This will uncompress filelist.gz and pipe the output to the more command. When you use gunzip -c, the file on disk remains compressed.

The zcat command is identical to gunzip -c. You can think of this as a version of cat for compressed files. Linux even has a version of the pager less for compressed files, called zless.

When compressing files, you can use one of the options -1 through -9 to specify the speed and quality of the compression used. -1 (also --fast) specifies the fastest method, which compresses the files less compactly, and -9 (also -- --best) uses the slowest, but best compression method. If you don't specify one of these options, the default is -6. None of these options has any bearing on how you use gunzip; gunzip will be able to uncompress the file no matter what speed option you use.

Compared with the more than three decades long history of Unix, gzip is relatively new in the Unix world. The compression programs used on most Unix systems are compress and uncompress, which were included in the original Berkeley versions of Unix. compress and uncompress are very much like gzip and gunzip, respectively; compress saves compressed files as filename.Z as opposed to filename.gz, and uses a slightly less efficient compression algorithm.

However, the free software community has been moving to gzip for several reasons. First of all, gzip works better. Second, there has been a patent dispute over the compression algorithm used by compressthe results of which could prevent third parties from implementing the compress algorithm on their own. Because of this, the Free Software Foundation urged a move to gzip, which at least the Linux community has embraced. gzip has been ported to many architectures, and many others are following suit. Happily, gunzip is able to uncompress the .Z format files produced by compress.

Another compression/decompression program has also emerged to take the lead from gzip. bzip2 is the newest kid on the block and sports even better compression (on the average about 10% to 20% better than gzip), at the expense of longer compression times. You cannot use bunzip2 to uncompress files compressed with gzip and vice versa, and because you cannot expect everybody to have bunzip2 installed on their machine, you might want to confine yourself to gzip for the time being if you want to send the compressed file to somebody else. However, it pays to have bzip2 installed because more and more FTP servers now provide bzip2-compressed packages in order to conserve disk space and bandwidth. It is not unlikely that in a few years from now, gzip will be as uncommon in the Linux world as compress is today.

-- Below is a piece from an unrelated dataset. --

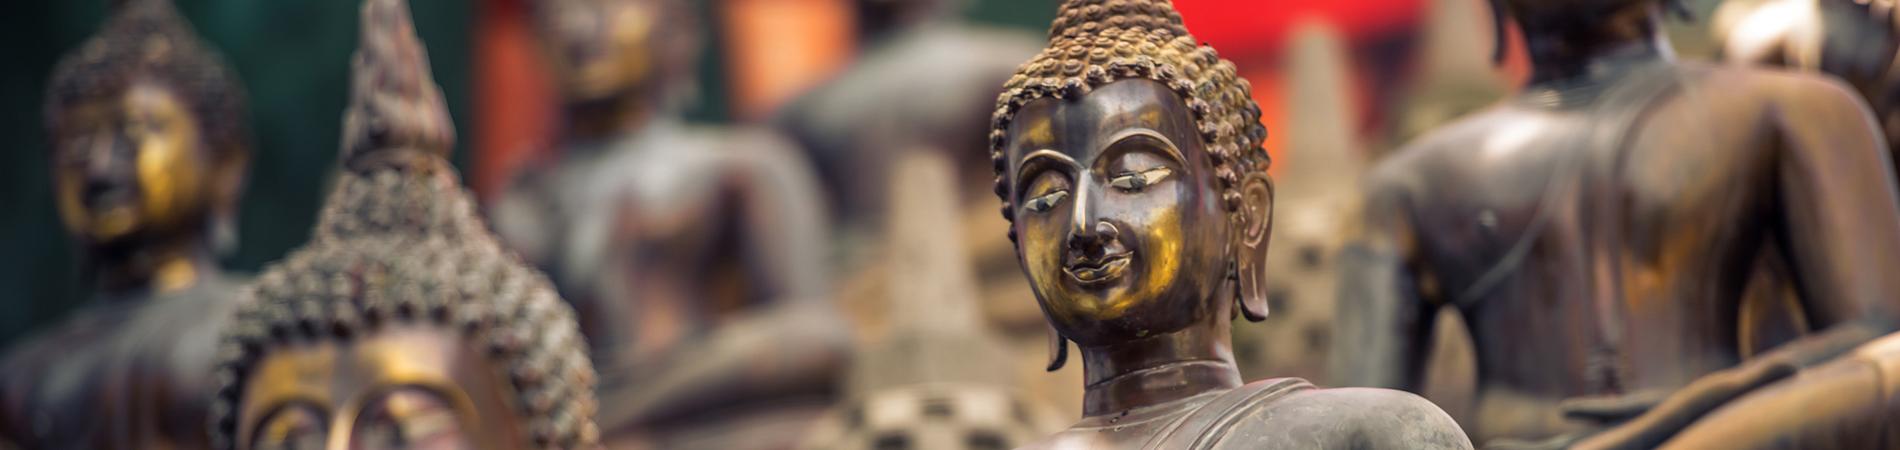 shutterstock – SRI – buddhas header

You can recognize bzip2-compressed files by their .bz2 filename extension.

Although the command-line options of bzip2 are not exactly the same as those of gzip, those that have been described in this section are. For more information, see the bzip2(1) manual page.

The bottom line is that you should use gzip/gunzip or bzip2/bunzip2 for your compression needs. If you encounter a file with the extension .Z, it was probably produced by compress, and gunzip can uncompress it for you.

Earlier versions of gzip used .z (lowercase) instead of .gz as the compressed-filename extension. Because of the potential confusion with .Z, this was changed. At any rate, gunzip retains backward compatibility with a number of filename extensions and file types.

12.5.2. Using tar

tar is a general-purpose archiving utility capable of packing many files into a single archive file, while retaining information needed to restore the files fully, such as file permissions and ownership. The name tar stands for tape archive because the tool was originally used to archive files as backups on tape. However, use of tar is not at all restricted to making tape backups, as we'll see.

The format of the tar command is:

    tar functionoptions files...

where function is a single letter indicating the operation to perform, options is a list of (single-letter) options to that function, and files is the list of files to pack or unpack in an archive. (Note that function is not separated from options by any space.)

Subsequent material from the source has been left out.